Many around the world are now observing Lent, popularly understood as a fast or a time to give something up, but intended as a period of spiritual preparation for the Holy Week of Easter, the most sacred moment in the Christian calendar. For those who follow this belief, abstinence from certain foods–typically meat–is accompanied by other disciplines, such as reading of scriptures, giving alms and offering special prayers.
Other traditions also hold fasts. Muslims fast (no food, no water, regardless of the heat) from sunrise to sunset during the month of Ramadan, and Jews fast for twenty five hours on the occasion of Yom Kippur, the Day of Atonement (which coincides with the second bringing of the Tablets by Moses, and the atonement of the Israelites for their folly of setting up the Golden Calf). In some parts of the world Buddhists also fast during Vassa. This coincides with the rainy season where there is one, and is a custom from before the time of Gautama Buddha; for practical reasons, wandering monks would suspend their travels during the monsoons, and took advantage of the enforced inactivity to make a spiritual retreat.
When we think of fasting, we may also think of the word ‘sacrifice’. This word now is most often associated with giving up something, as for example in a game of chess, when one may decide to sacrifice a pawn in order to gain some other advantage. The original meaning of the word, though, was to make sacred, and perhaps it is a sign of our profound immersion in duality that we have difficulty imagining that something can be made sacred if we don’t give it away. On the one hand, giving something away, especially to someone in need, can be a sacred act, and even more so if we give it from the heart. On the other hand, devoting time and attention to keeping a corner of the home as a special place of beauty can also be a sacrifice–yet the first soul to be nourished is our own.
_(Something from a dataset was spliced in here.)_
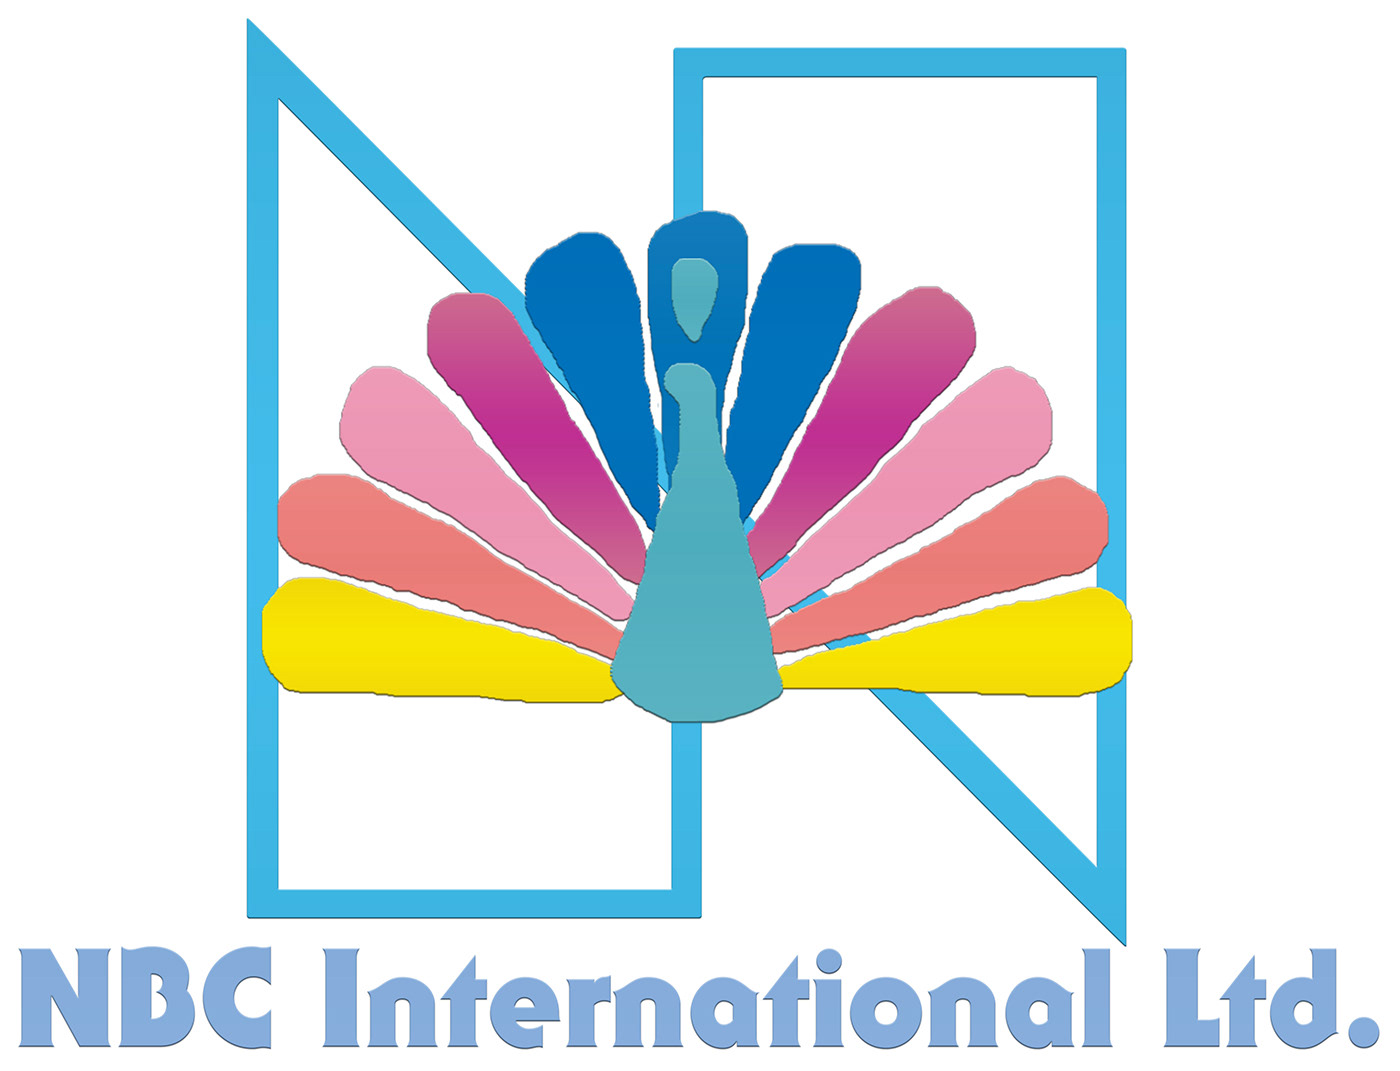 NBC International Ltd
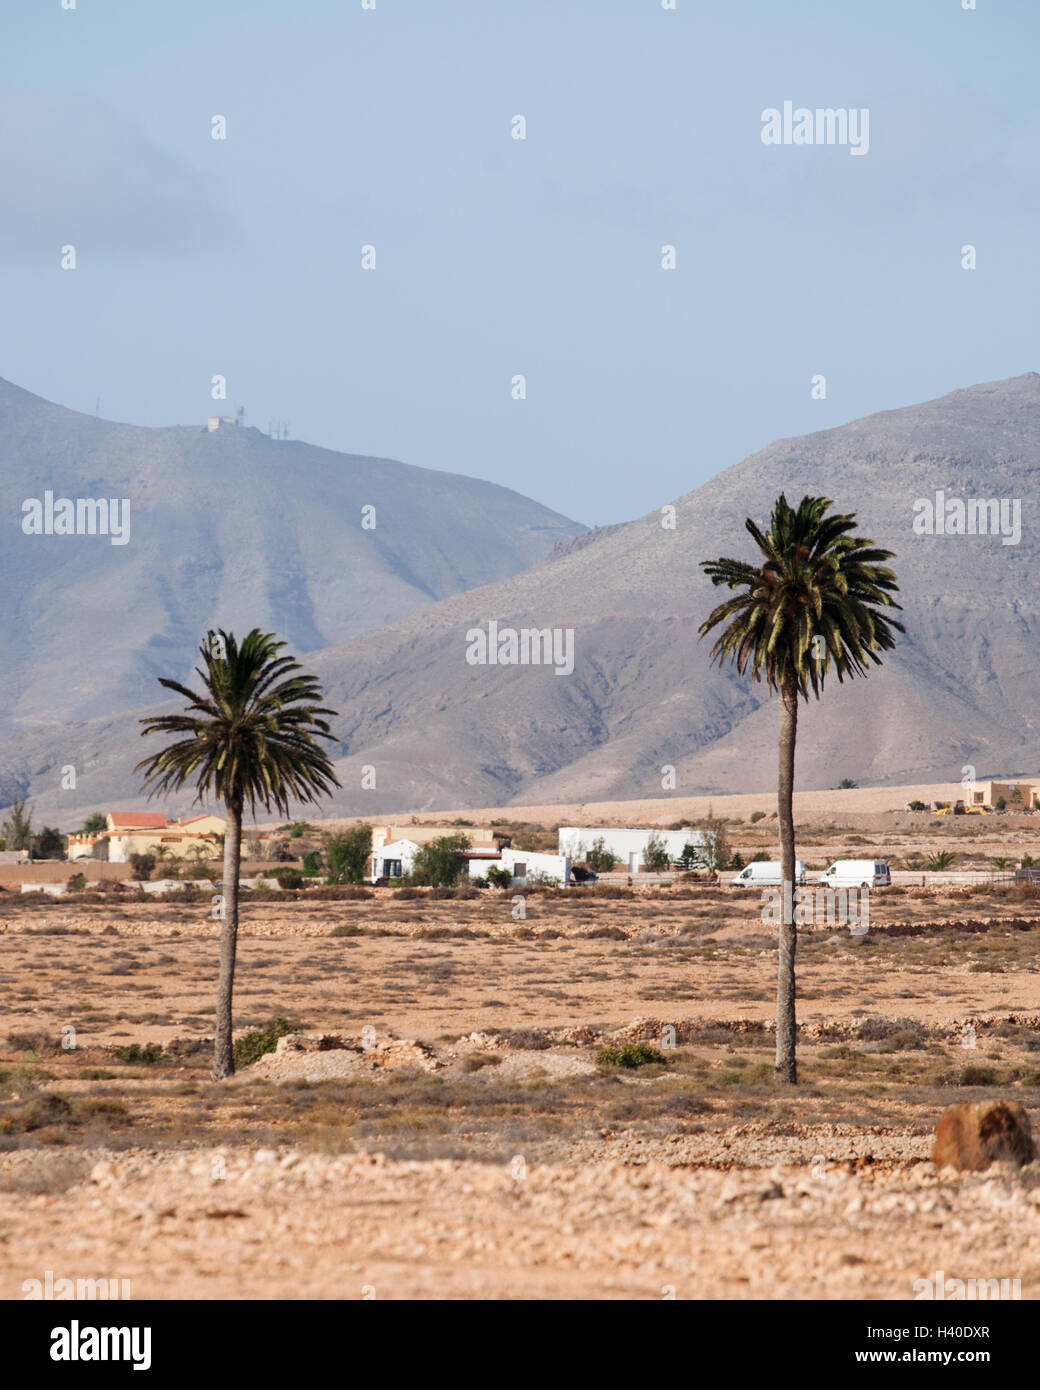 Fuerteventura, Îles Canaries, Afrique du Nord, Espagne : la conduite sur la route, vue de paysage désertique avec des palmiers, des maisons blanches et des montagnes Banque D'Images

To fast is to exert one’s will; it requires discipline. That is always beneficial to the seeker on the spiritual path, but if the discipline is not closely linked with the ideal, the benefit is lessened. Sacrifice means ‘to dedicate to the Divine’ – which may include doing without something, but once again, if the abstinence is not linked to your ideal, then the sacrifice is not sacred. Few accomplish the ‘ultimate’ sacrifice of the mystic, of giving the self away entirely for the sake of the Divine Beloved; for those who do, every act, thought, every breath, becomes sacred.